The 381 is sized c-c. A 55cm size has a 56.9cm TT, but the seat tube angle is a relaxed 72.5 degrees. This angle effectively shortens the TT length (reach) by about 1cm per degree. I doubt that the frames you're comparing to are more than 1 degree steeper in STA, so the comparable TT length would be on the long side.

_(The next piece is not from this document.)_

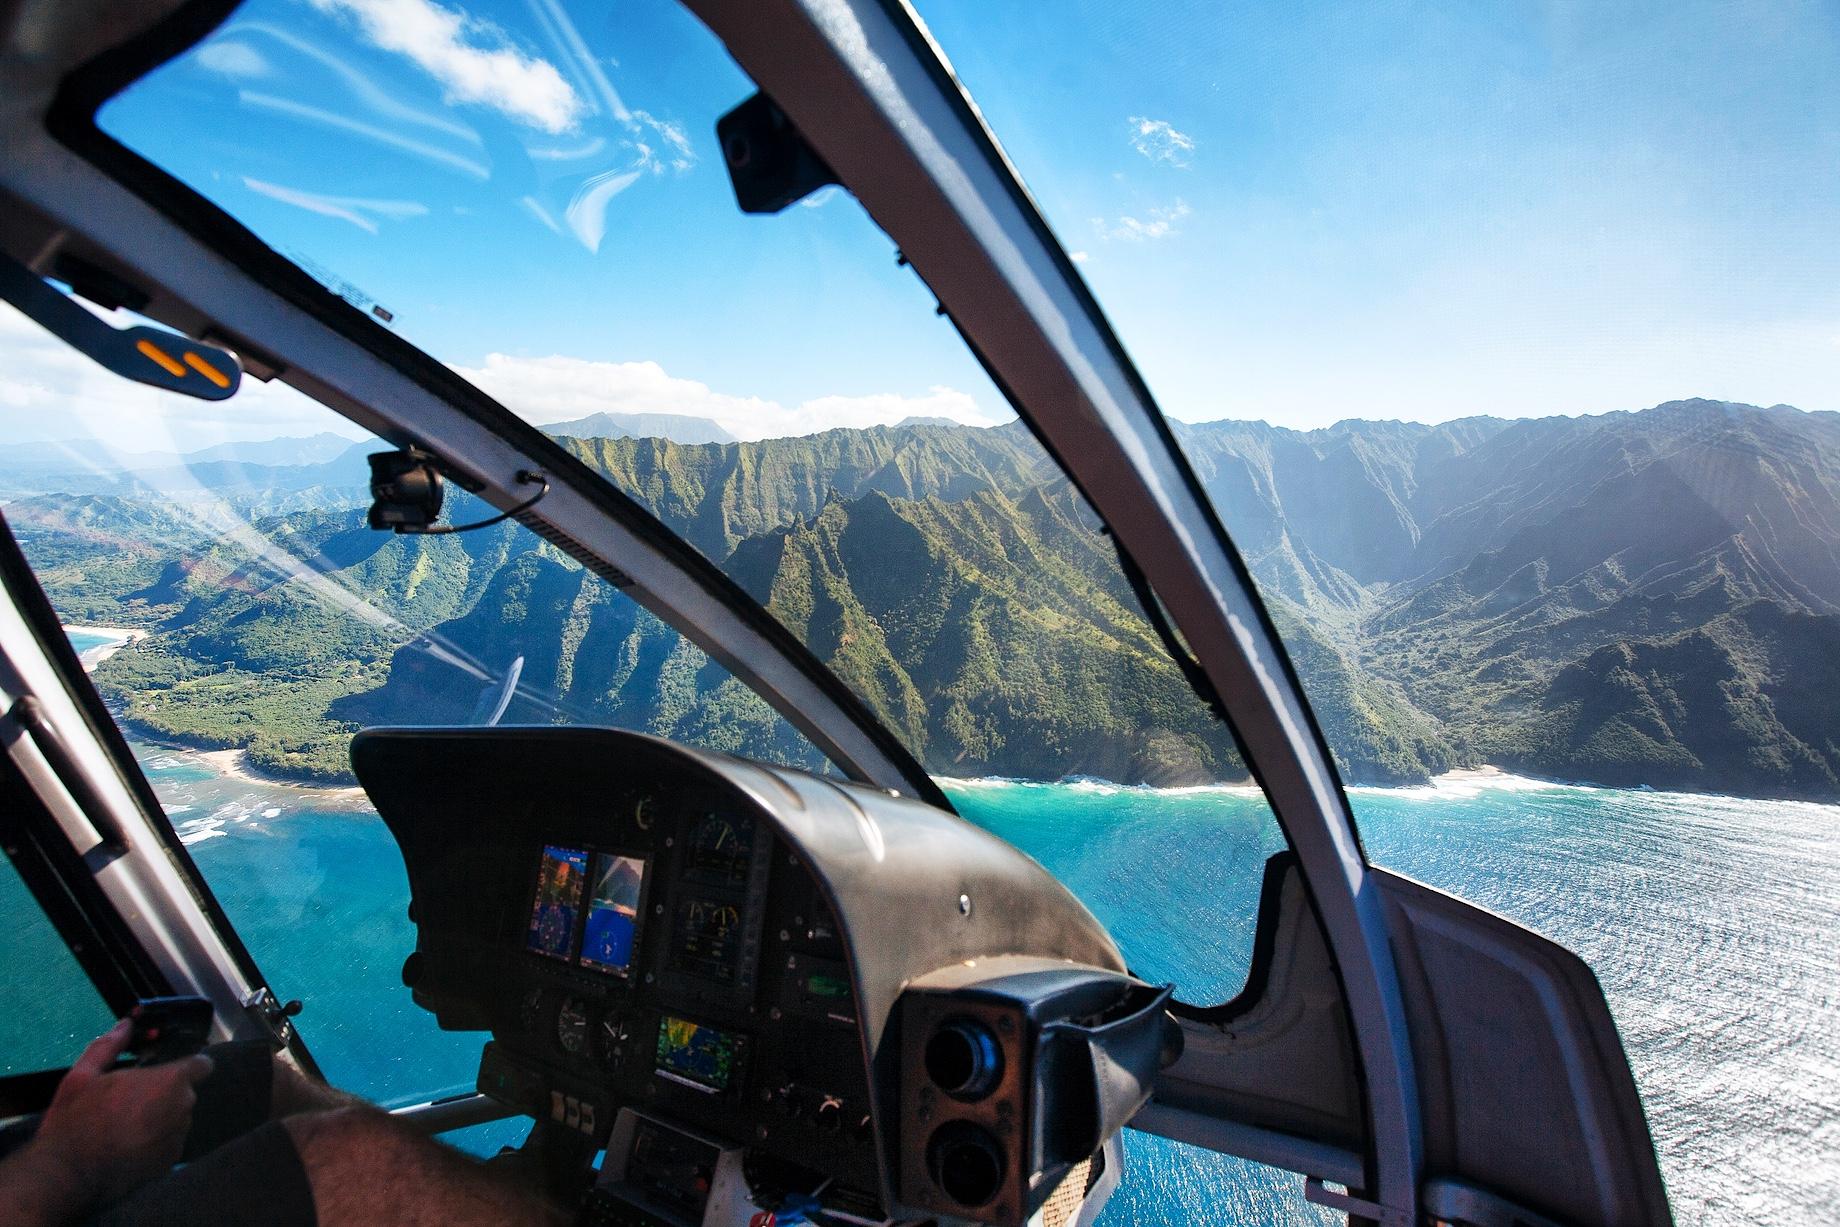 Helicopter Cockpit Scenic Flight - Na Pali Coast - Kauai, Hawaii, United States

Do you have an accurate saddle height for your wife, so you're sure that a 55cm is not too large?


----------



## spanky dog (Mar 4, 2007)

Thank you for your response. The Pinarello fits reasonably well as it is but the seat sits a little high in the frame and the stem is only 9cm reach with a 10 degree rise. My hope was to find a frame that could give a slightly better fit and allow more comfort over the stiff Pinarello. It sounds like the LOOK may have too much top tube for it to be perfect but may ride better with the relaxed angles. A frame with more head tube might be preferable. I found the LOOK NOS frame on ebay and thought it might be worth a try so that is the impetus rather than poor fit presently. If you can suggest a frame I would love to know what it is as long as it can be had new or used for about 800. or less. I ride a Colnago Technos that is very comfortable and I would love to see my wife on something as cushy.


----------



## lookrider (Dec 3, 2006)

Unless your wife is a tall lady, the 55 is way too big. I'm just under 5'10" with an 85 cm inseam, and I think I can be on a 54 or 53. The 55 is ok but is best for me with shorter reach bars and a 10cm stem.


----------



## toonraid (Sep 19, 2006)

My wife is 5'9 and she rides a size Large 585 opt (elle) which has a shortened TT and higher HT that the standard 585 so virtual TT is 546 and HT is 172 with an STA of 73.75 with a 100 mm stem and she really like the fit, comfort and performance - I guess your budget doesn't stretch that far but older looks are also great as far as the comfort is concerned (231, 241, 281 etc) - I suggest looking for something between 53 - 54 VTT length.


----------



## filtersweep (Feb 4, 2004)

I believe the 81 series was sized in 1 cm increments--- so there is no need to to find an exact fit.

I would try the frame before buying. My 57 is larger than a 58 and 59 that I have in other brands.



toonraid said:


> My wife is 5'9 and she rides a size Large 585 opt (elle) which has a shortened TT and higher HT that the standard 585 so virtual TT is 546 and HT is 172 with an STA of 73.75 with a 100 mm stem and she really like the fit, comfort and performance - I guess your budget doesn't stretch that far but older looks are also great as far as the comfort is concerned (231, 241, 281 etc) - I suggest looking for something between 53 - 54 VTT length.


----------



## spanky dog (Mar 4, 2007)

I may be a fool or wishful thinker but I found a 55cm, NOS 381, with fork,headset, seat post and stem for sale and bought it for 750.00. I know I will have to make component changes to it for any chance at a proper fit but I will try. I thought at that price I didn't have a whole lot to lose. Is there any good reason not to use a stem less than say 9cm reach? My wife is over a 32 inch inseam pretty much all legs for 5'8.5 height. Thank you for the input .


----------



## lookrider (Dec 3, 2006)

spanky dog said:


> I may be a fool or wishful thinker but I found a 55cm, NOS 381, with fork,headset, seat post and stem for sale and bought it for 750.00. I know I will have to make component changes to it for any chance at a proper fit but I will try. I thought at that price I didn't have a whole lot to lose. Is there any good reason not to use a stem less than say 9cm reach? My wife is over a 32 inch inseam pretty much all legs for 5'8.5 height. Thank you for the input .


Standover is approx 81 cm. That seems like a good price for a beautiful frame, and I think they are somewhat in demand as kind of an old style frame.

I really like my two..:thumbsup:

I'm riding one of them with a 9cm newton stem, shorter reach bars, and a set back seatpost with an arionne saddle. The other one I have a 11 cm ritchey stem, itm millenium bars which have a longer reach and bigger drop, and a non setback Thomson elite seatpost with a Brooks Team Professional Saddle.. The bike with the 9cm stem seems to be slightly slower steering which may seem counter intuitive.

When I'm in the drops my back is pretty flat and my flexibility isn't great. If your wife is limber it may fit.


----------